Column names, column description, and percentage of sites with data for each feature for lake file.
| SALT_ID | Internal lake ID number | 100% |
| FileName | File name | 100% |
| Common.Name | Name of lake or reservoir that is commonly used. | 100% |
| Latitude (decimal degrees) | Latitudinal coordinate of lake | 100% |
| Longitude (decimal degrees) | Longitudinal coordinate of lake | 100% |
| Continent | Geographic location of lake | 100% |
| Country | Geographic location of lake | 100% |
| State | Abbreviation of state or province (only for North American lakes) | 69.1% |
| Area.km2 | Surface area of lake | 100% |
| Depth.m | Maximum depth of lake | 66.4% |
| LakeType | Type of lake: natural or reservoir | 100% |
| YearMin | Start year of dataset | 100% |
| YearMax | End year of dataset | 100% |
| YearsTotal | Total years of dataset coverage | 100% |
| MeanCl.mgL | Mean chloride concentration | 100% |
| OutliersRemoved | Number of outliers removed from original data | 100% |
| ShapefileMethod | Method used to obtain shapefile. Either: circle, GLWD, manual, NHD, or NHN. | 100% |
| CoastDist.km | Distance to the nearest coastline | 100% |
| WetDryDep | Sea salt deposition in kg ha−1 yr−1 (sum of wet and dry deposition) | 100% |
| Precip.mm | Mean annual total precipitation from 1960 to 1990 | 100% |
| TempMMM | Long-term mean monthly temperatures from 1960 to 1990. MMM represents the month of the year. | 100% |
| RoadDensityXXX | Road density, where XXX represents 100, 200, 300, 400, 500, 1,000, and 1,500-m buffer zones surrounding the lake. Measured in km km−2. | 100% |
| LandImperviousBinXXX | Impervious surface, where XXX represents 100, 200, 300, 400, 500, 1,000, and 1,500-m buffer zones surrounding the lake. Calculated from datasets with binary pixels via Method 1 (see above). Measured in percent. | 69.2% |
| LandImperviousPerXXX | Impervious surface, where XXX represents 100, 200, 300, 400, 500, 1,000, and 1,500-m buffer zones surrounding the lake. Calculated from datasets with percentage pixels via Method 2 (see above). Measured in percent. | 92.9% |
Column name and description for lake chloride data file.
| SALT_ID | Internal lake ID number |
| FileName | File name |
| Common.Name | Name of lake or reservoir that is commonly used |
| Station | Sampling station ID. The ID is program specific and is included to cross-reference sites with original sources. For some lakes, data are present from multiple stations. |
| Sample.Date | Date of sample collection. All data were collected on discrete days, with the exception of early data from Lake Mendota and Monona (see Methods). |
| Sample.Depth | Depth of sample collection |
| Chloride | Chloride concentration in mg l−1 |
| Decimal.Date | Sample date provided as decimal value |
| Std.Chloride | Chloride concentration provided as a standardized z-score value, which was calculated for each lake |
| Integrated.Depth | Is TRUE if sample was integrated over a portion of the water column.

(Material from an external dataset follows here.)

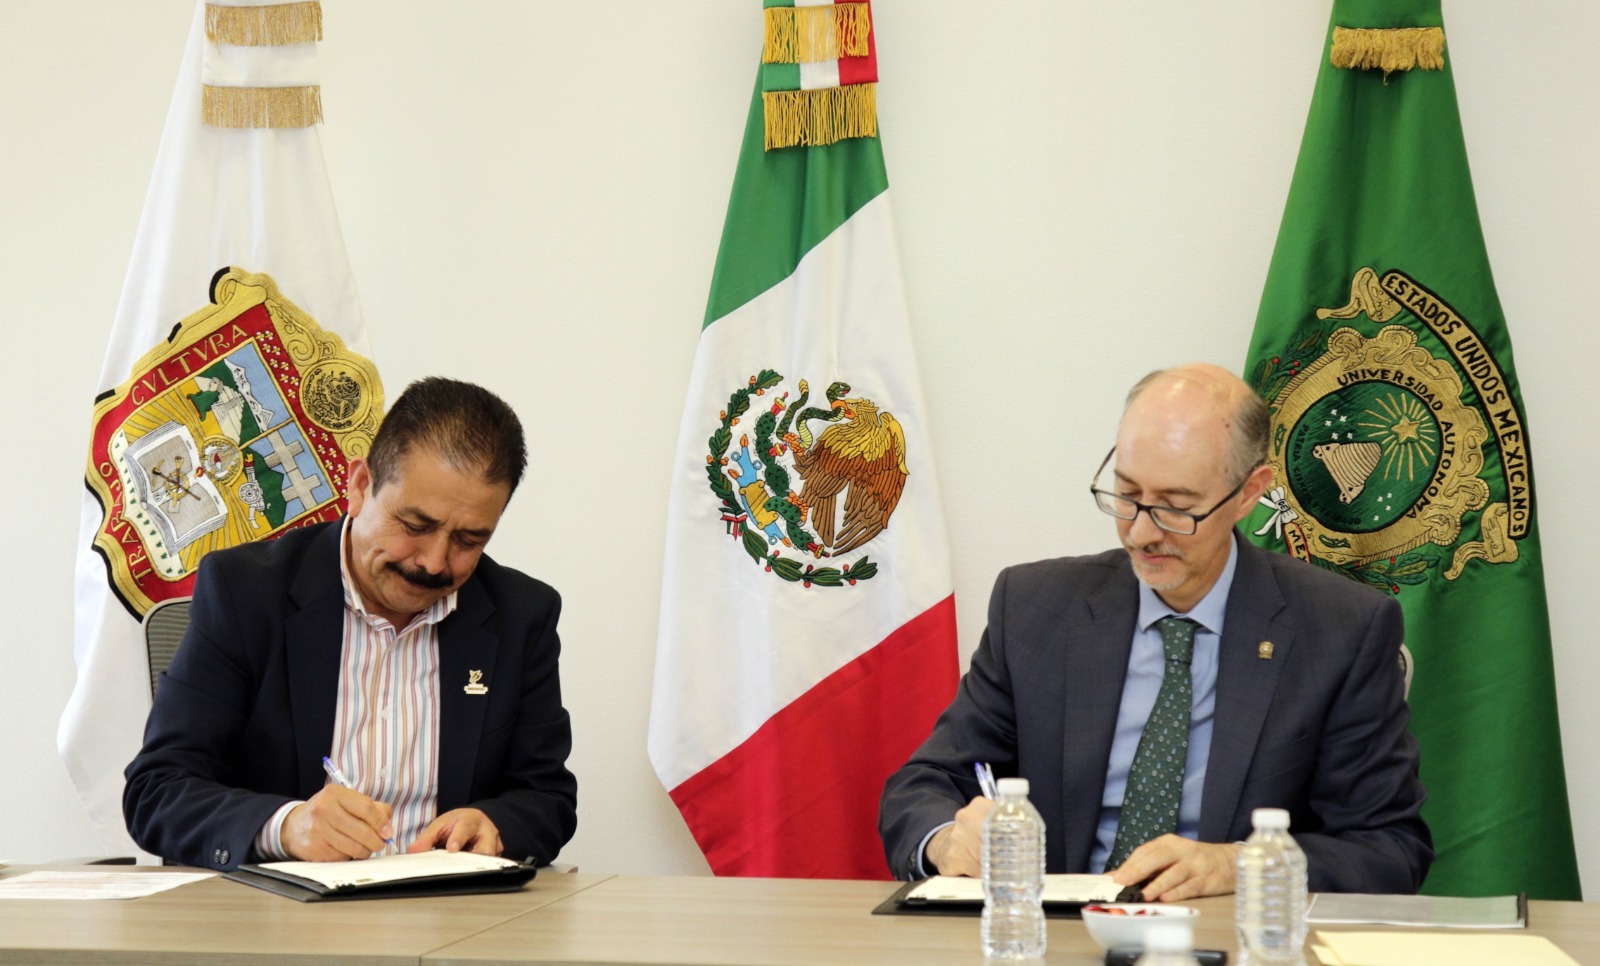 La firma de este convenio estrecha la colaboración interinstitucional, permitiendo una mayor coordinación entre las instituciones de nivel medio superior y superior del Estado de México.

Is FALSE otherwise. If a sample depth is given, this was the starting depth of sampling. |
Figure 3Time series of chloride concentrations in Lake Constance and Vänern. Data points are colored by lake depth.

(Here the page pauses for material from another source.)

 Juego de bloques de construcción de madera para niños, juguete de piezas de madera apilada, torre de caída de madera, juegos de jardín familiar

Figure 4Comparison of the two methods of quantifying impervious surface in 100–1,500-m buffer zones around all US lakes in the database.
In Method 1, each pixel is a Boolean value (TRUE, impervious; FALSE, not impervious). In Method 2, each pixel is quantified as percent impervious surface from 0–100%.
Figure 5Comparison of impervious surface and road density calculations for Trout Lake and Lake Wingra, Wisconsin, USA.
Values are given for a 500-m buffer. Impervious surface calculations via Method 1 have higher absolute values than Method 2, but relative differences are similar (see Fig. 4).